Я вспомнил, как на одной из остановок, в Саратове, кажется, ко мне подбежал запыхавшийся Толеген и стал расспрашивать, куда исчезла его землячка Гуля. «С Нургазы ушла», — ничего не подозревая, ответил я. «В какую сторону? Когда?» — еще пуще заволновался он. «Успокойся, не заблудятся. У Нургазы чутье на улицы». — «Если б только на улицы!» — И Толеген помчался разыскивать их в незнакомом городе, хотя через час была назначена отправка, и они все равно пришли бы к поезду.
С тех пор он всячески мешает их встречам, не допускает, чтобы они оставались наедине. Выглядело это нелепо.
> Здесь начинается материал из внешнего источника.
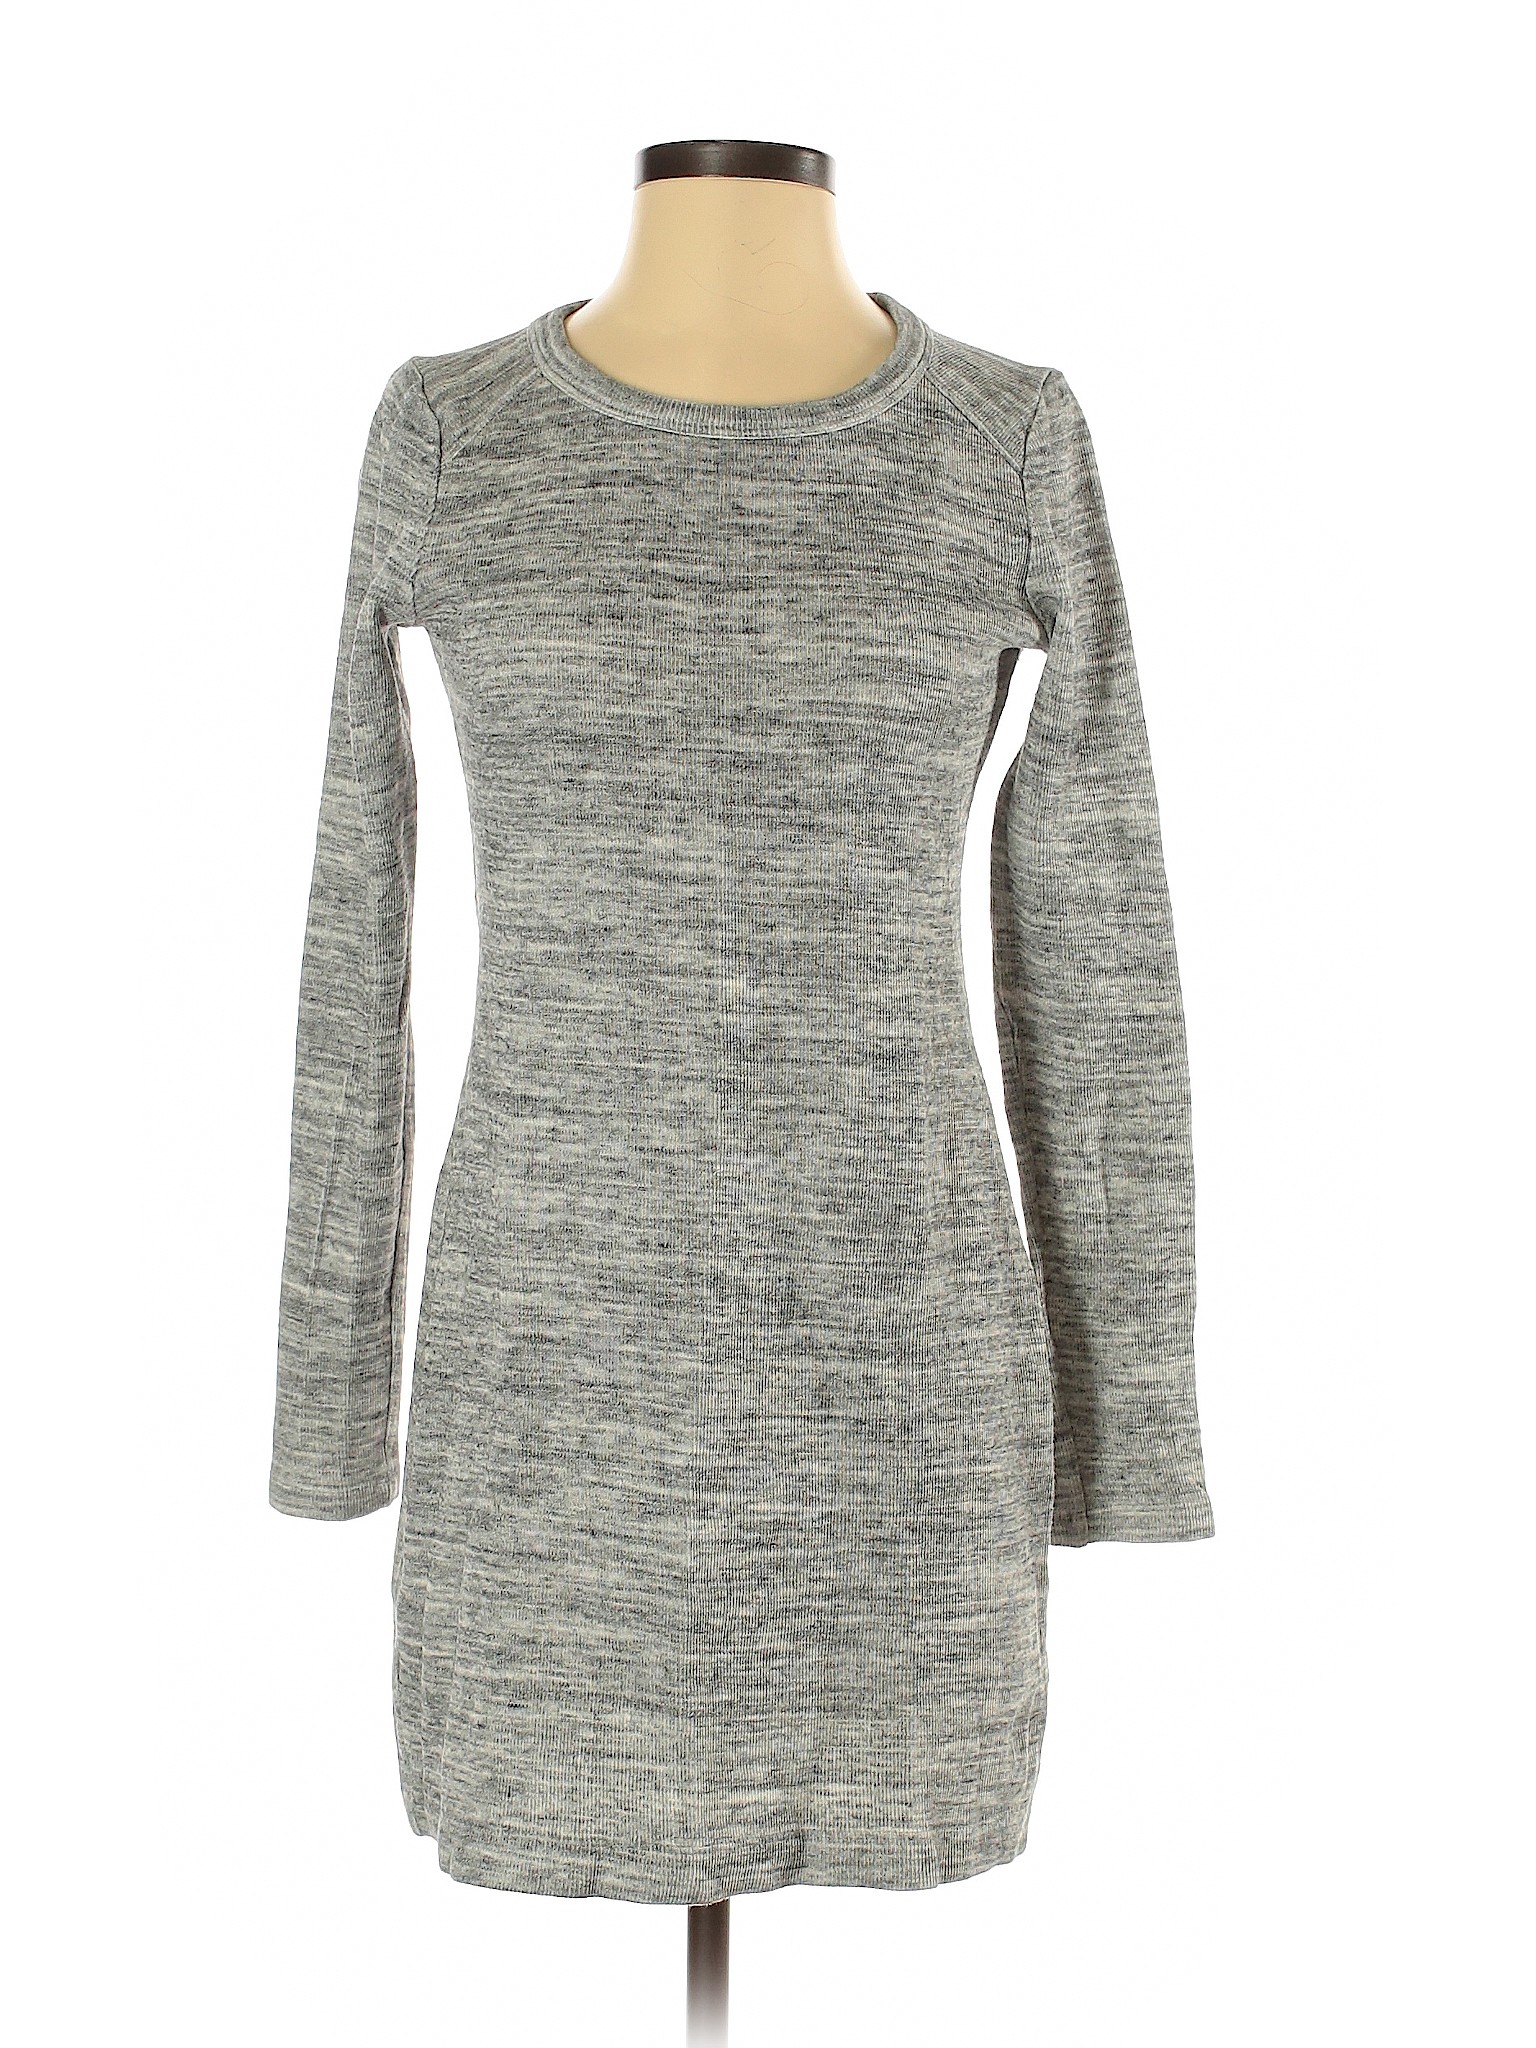 Lou & Grey Women Gray Casual Dress XS | eBay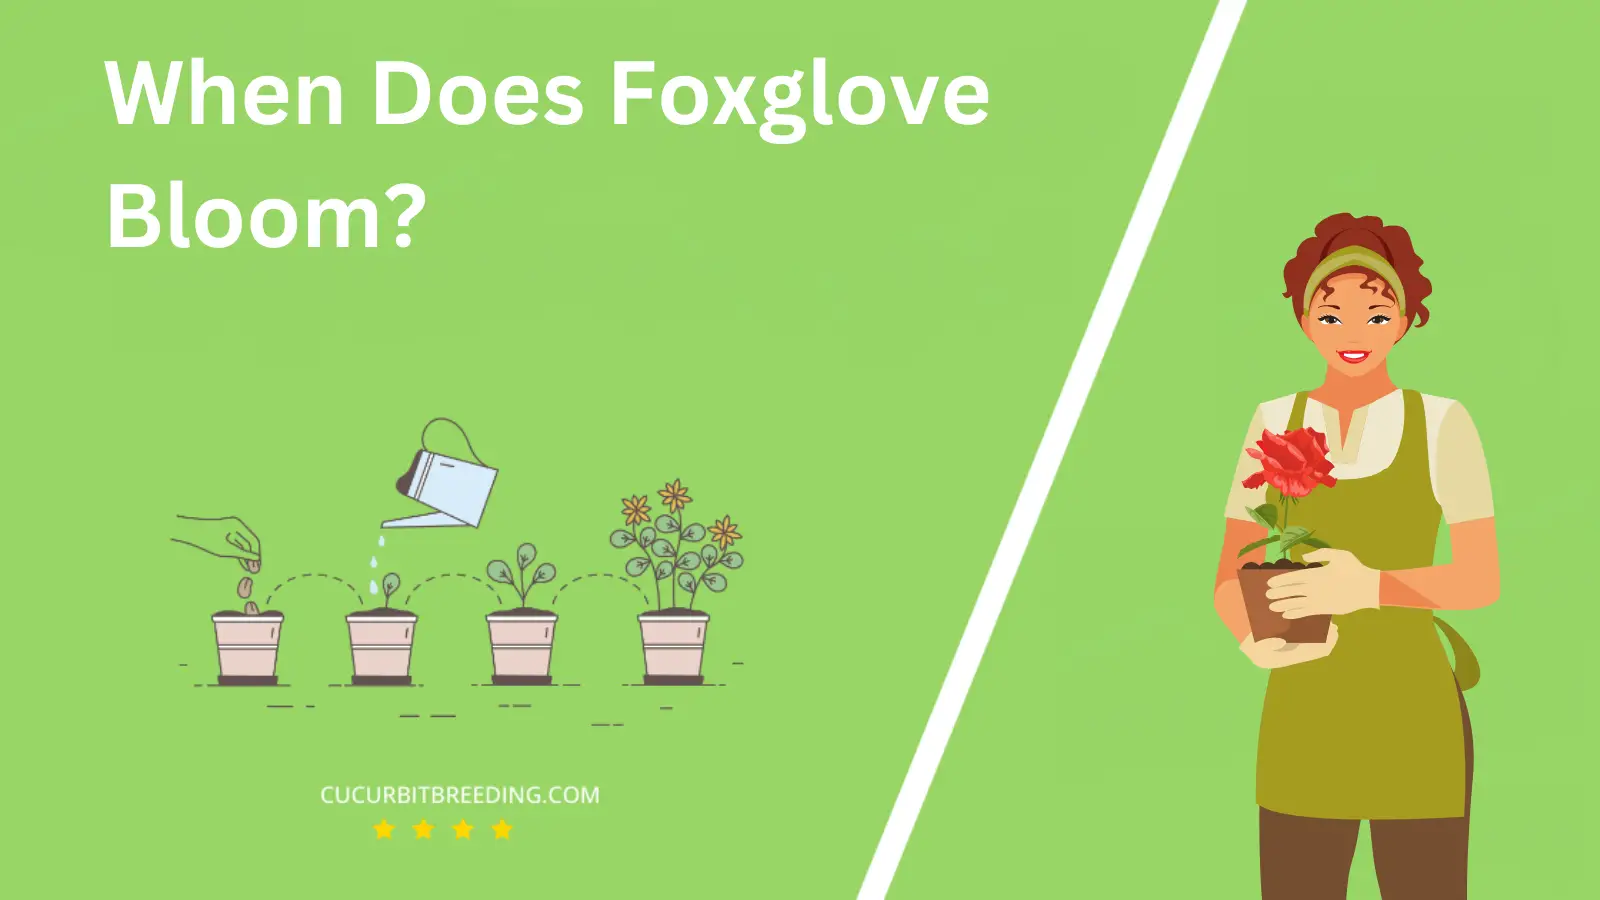 When Does Foxglove Bloom?

Единственно, что слегка оправдывало его в наших глазах, — возможные родственные связи и обычная в таких случаях просьба родителей присмотреть за дочкой.
Раздался какой-то шум. Через стену доносились голоса, все громче, все отчетливее. Хорошие разговоры на повышенных тонах не ведутся. Мы разом поднялись.
В соседнем купе Гуля наступала на ошеломленного Толегена.
— Чего ты пристал ко мне, шага не даешь ступить! Бай-манап, вот ты кто! Дома я из-за тебя, как в клетке, думала, хоть сюда вырвусь, нет, потащился за мной, следишь — выслеживаешь… — Толеген сидел перед ней, стоящей, овладел собой, заусмехался с чувством непонятного превосходства. — Сколько говорила: уйди лучше, иначе я такое сделаю, что… — И она разрыдалась, упала ничком па полку, зарылась лицом в подушку.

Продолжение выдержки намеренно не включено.